يَا أَيُّهَا الَّذِينَ آمَنُوا اتَّقُوا اللَّهَ حَقَّ تُقَاتِهِ وَلا تَمُوتُنَّ إِلا وَأَنْتُمْ مُسْلِمُونَ

Selasa, 27 Agustus 2019

VARIASI DAKWAH, SALING MELENGKAPI

Ada diskusi ringan dengan bulek dan pak lek. Perihal dakwah. Bulek bilang dakwah nya ustad A itu enak. Damai dan tidak perlu pusing-pusing berfikir. Opini itupun di amini oleh pak lek.

Pendapat seperti itu tentunya tidak hanya dimiliki oleh adik dari almarhumah ibu ini. Ada banyak penilaian yang orang lontarkan kepada setiap pengemban dakwah. Mulai dari yang ustadz itu lucu, sejuk hingga yang pak kyai –yang mohon maaf- kalau bicara sering mengeluarkan kata-kata kasar dalam bahasa jawa. Ada juga pendakwah yang mengajak berfikir pendengarnya dan jarang ada candanya. Orang desa menyebutnya tegang bin bikin ngantuk bin ga nyambung.

Ya itulah manusia. beragam karakter yang Allah SWT tetapkan. Beda kepala beda isinya. Beda bahasa nasehatnya. Satu yang sama dan tidak berubah bahwa mendakwahkan Islam adalah tanggungjawab semua orang Islam. Bukan hanya yang bergelar ustad, kyai, bu nyai, ustadzah, bu guru, pak guru, jebolan pesatren, atao hanya jebolan pendidikan keluarga saja, tapi setiap muslim. Tanpa titel pun bila dia muslim, maka punya taklif untuk menyamaikan Islam. Bahasa arabnya baligh hu ‘anna walau ayah –sampaikan dariku walau satu ayat-.

Nah, bab beda model dakwah ini alamiah, sealiran kaafahnya Islam.

Maksudnya begini. Islam itu kan ada bab tauhid, ibadah, akhlaq, muamalah, hukum sanksi hingga tata hukum bernegara juga ada. Nah, bermacam-macamnya kajian Islam ini wajar jika kemudian memunculkan ustad yang dakwahnya pada sisi tauhid/aqidah, ada yang dakwah akhlaqiyah, ada yang dakwah fokus pada ibadah, ada juga yang fokus manajemen qalbu, hingga ada yang dakwah siyasah Islam/politik Islam. Semua tipe pendakwah ini penting. Tidak ada yang lebih unggul dari lainnya.

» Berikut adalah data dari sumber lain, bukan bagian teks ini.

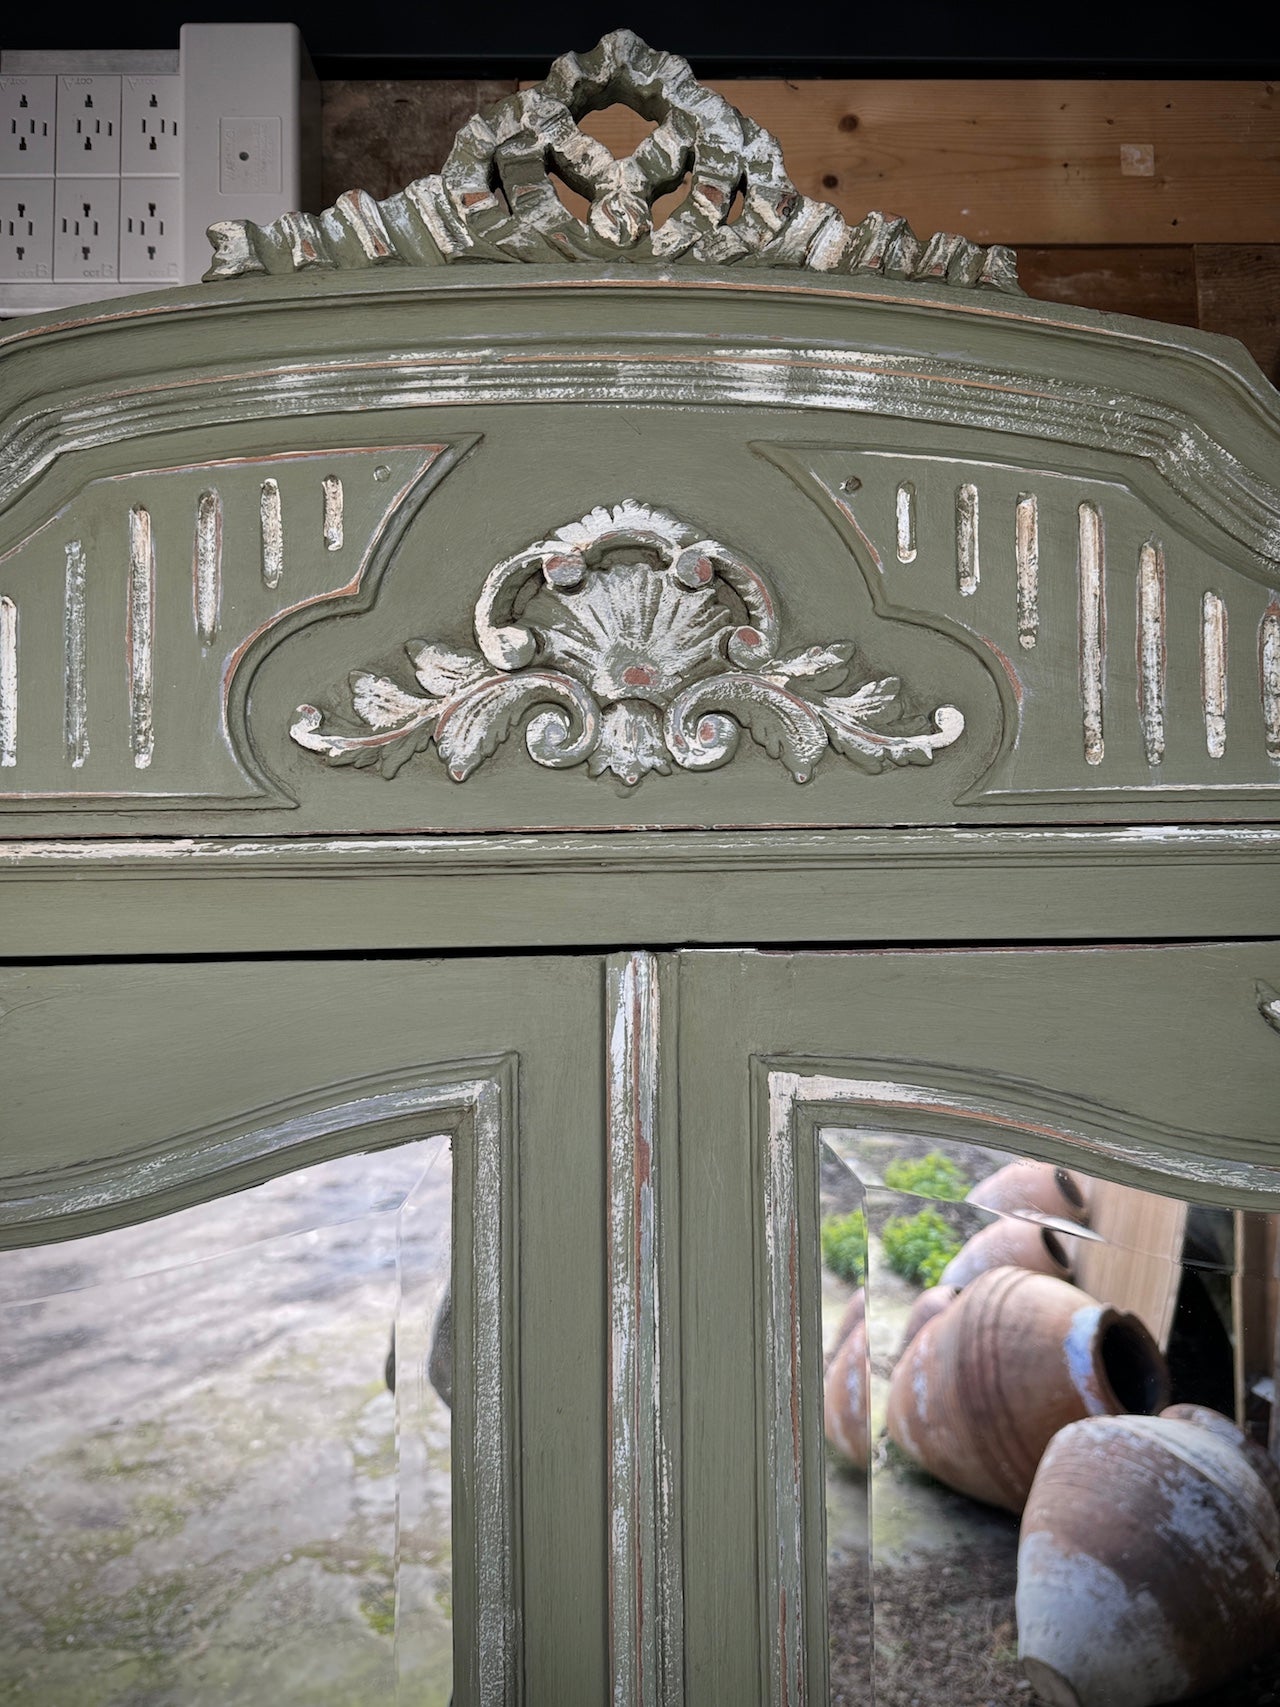 Pretty little mirrored armoire / linen press

Sama-sama saling melengkapi pemahaman umat Islam akan ilmu Islam yang begitu luasnya.

Ini masih dilihat dari sisi konten dakwahnya. Belum lagi bila dilihat dari sisi ragam pendengarnya. Bermacam-macam pula. Orang desa tentu punya pola yang berbeda dengan orang kota. Kaum intelektual juga beda daya tangkapnya dengan petani/pedagang. Anak –anak dengan remaja juga beda. Keragaman ini menambah variasi dakwah para ustad/dzah/pak kyai/bu nyai/dan orang Islam pada umumnya dalam berdakwah. Akhirnya memunculkan dai-dai ada yang lucu menyapa kaum pinggiran, Ada dai memakai bahasa tinggi menghadapi kalangan intelektual, ada dai gaul menghadapi kalangan milenial, ada dai lewat literasi dan lain-lainnya.

Semua ragam variasi tersebut adalah rahmat. Saling mendukung, melengkapi dan meguatkan. Memperatajam bahwa sesungguhnya Islam itu agama yang sempurna. Dan pluralitas itu adalah sunnatullah. Bukan untuk dijatuhkan, dihantam apalagi ditendang. Astagfirullahal’adziim.

Kesimpulannya, tidak ada yang perlu di klasifikasikan dan tidak perlu dipermasalahkan. Makin beragam dai yang ada, makin cepat kebangkitan umat Islam asal tidak saling menjatuhkan. Makin cepat pula agama ini tersebar asal tidak perang internal. Dan itu pertanda kejayaan umat Islam dalam hitungan waktu. Aamiin.